Bacterial infection microenvironment-responsive enzymatically degradable multilayer films for multifunctional antibacterial properties.

Abstract

The adhesion of bacteria is one of the most important stages in biofilm formation and bacterial infection. Once bacteria have adhered to a biomaterial surface, it is hard to eliminate them, and bacterial growth and infection are inevitable. In the current study, we have designed and constructed enzymatically degradable (hyaluronic acid/chitosan)n-(hyaluronic acid/polylysine)n ((HA/CHI)n-(HA/PLL)n) composite multilayer films via a layer-by-layer self-assembly method. Spectroscopic ellipsometry and scanning electron microscopy cross section measurements showed the exponential growth behavior of (HA/CHI)10-(HA/PLL)10 multilayer films (∼2 μm).

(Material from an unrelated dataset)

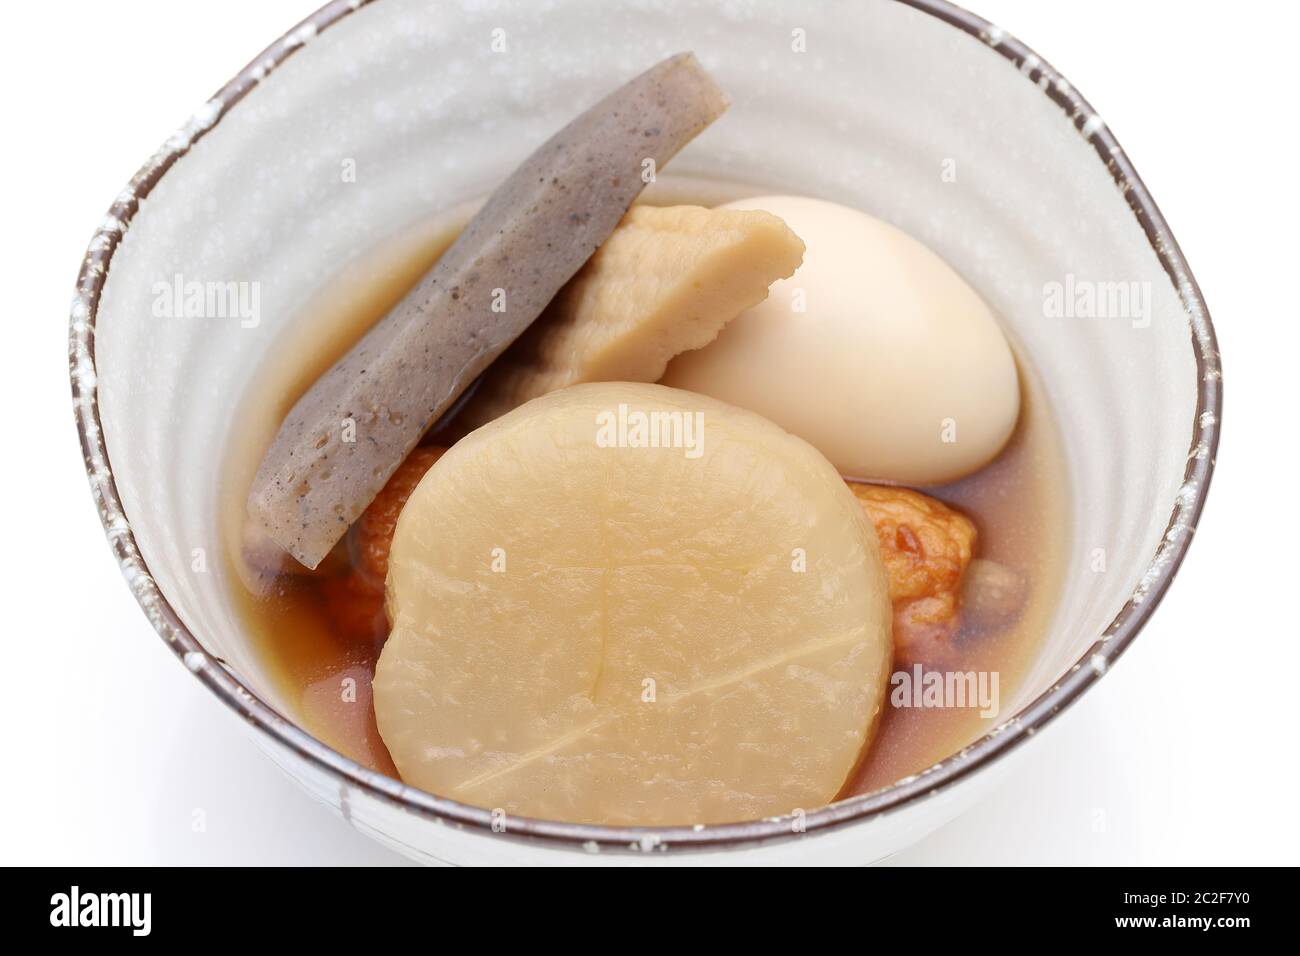 https://c8.alamy.com/comp/2C2F7Y0/japanese-food-oden-in-a-bowl-on-white-background-2C2F7Y0.jpg

The increased secretion of hyaluronidase and chymotrypsin in the bacterial infection microenvironment led to the fast degradation of the outer (PLL/HA)n multilayer films in the first 24 h. Enzymatic degradation of the multilayer films efficiently reduced the adhesion of both Staphylococcus aureus and Escherichia coli (>99%). Bacterial live/dead staining demonstrated the bactericidal action of the remaining bottom (CHI/HA)n multilayer films against the two kinds of bacteria. In vivo subcutaneous tests on New Zealand white rabbits, wound appearance and histopathology analysis showed that the implantation of composite multilayer film-modified PDMS promoted wound healing and the materials demonstrated a self-defense antibacterial effect. The material demonstrated both anti-adhesive and bactericidal properties and could be used to modify biomedical implants.